◆ **What to work on**
With pictures left out, output word for word the lines from the one containing "Original botanisches Ölgemälde" through the end of the material below.

◆ **Dataset extract**

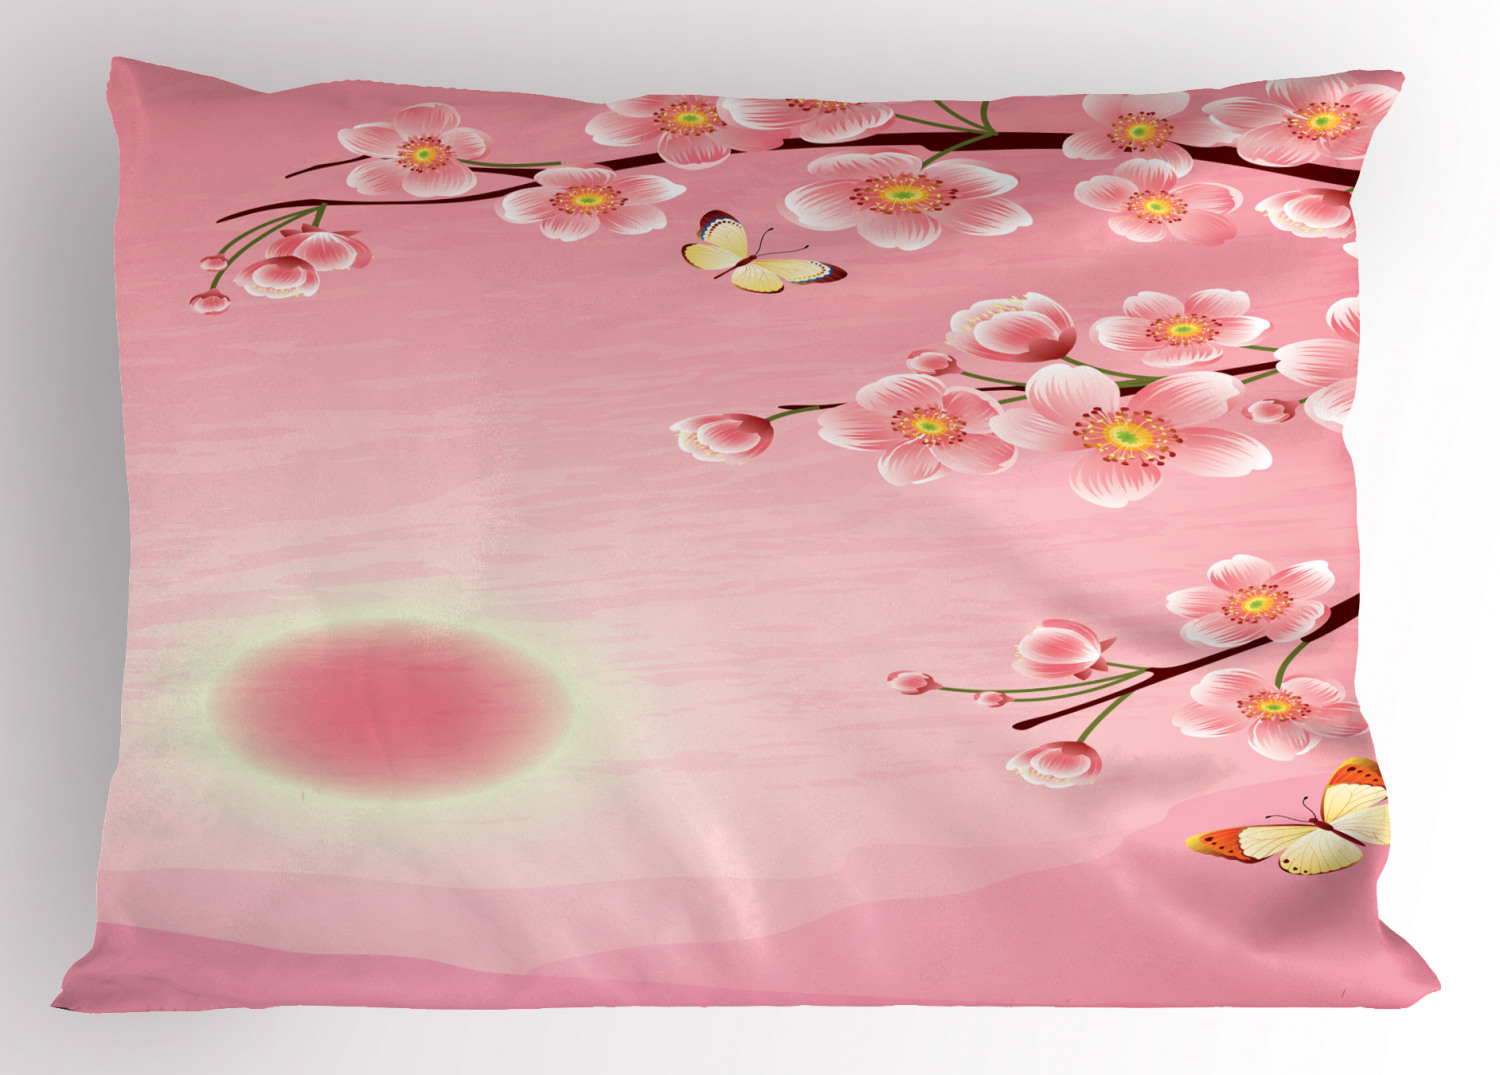 Details about   Oriental Asian Pillow Sham Decorative Pillowcase 3 Sizes Bedroom Decoration 
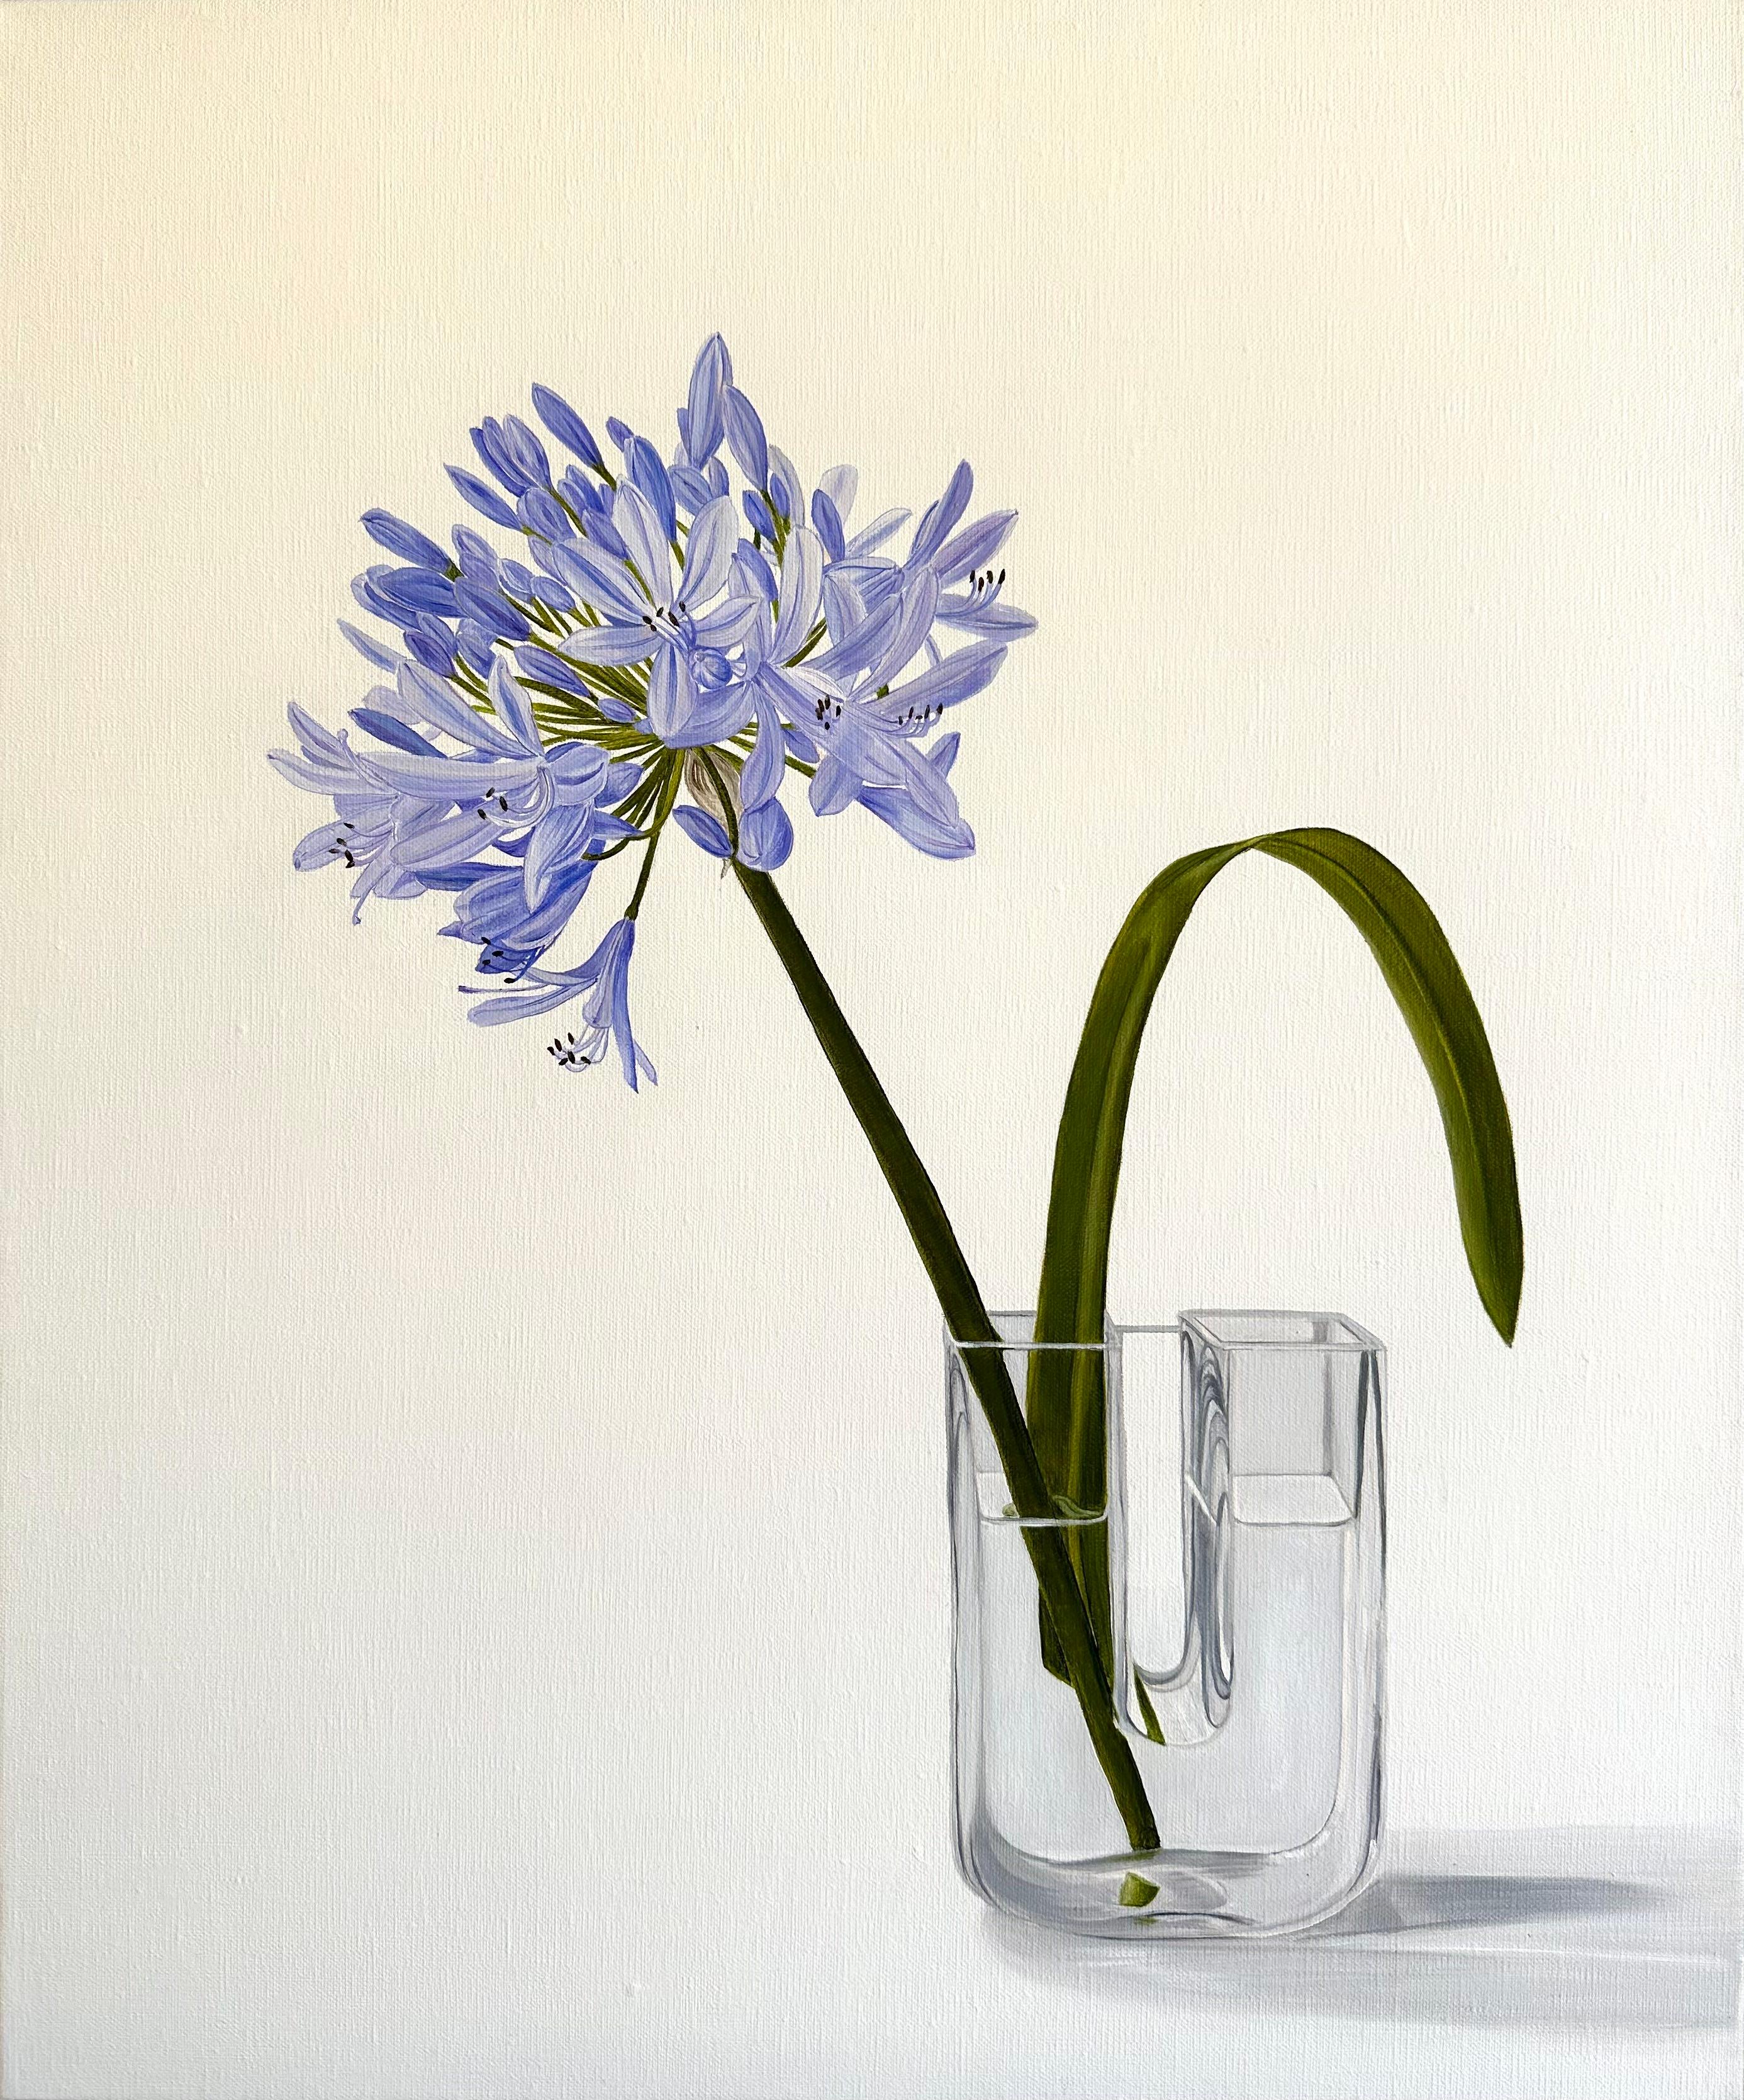 Original botanisches Ölgemälde von Tarn McLean.
Die in Südafrika beheimatete Agapanthus-Blume wurde mit naturgetreuen Farben in Blau, Violett und kühlem Grün bemalt und in eine U-förmige Vase von Swedish Boda gestellt. Das Werk ist reduziert, in Öl

◆ **The completed task**
 Original botanisches Ölgemälde von Tarn McLean.
Die in Südafrika beheimatete Agapanthus-Blume wurde mit naturgetreuen Farben in Blau, Violett und kühlem Grün bemalt und in eine U-förmige Vase von Swedish Boda gestellt. Das Werk ist reduziert, in Öl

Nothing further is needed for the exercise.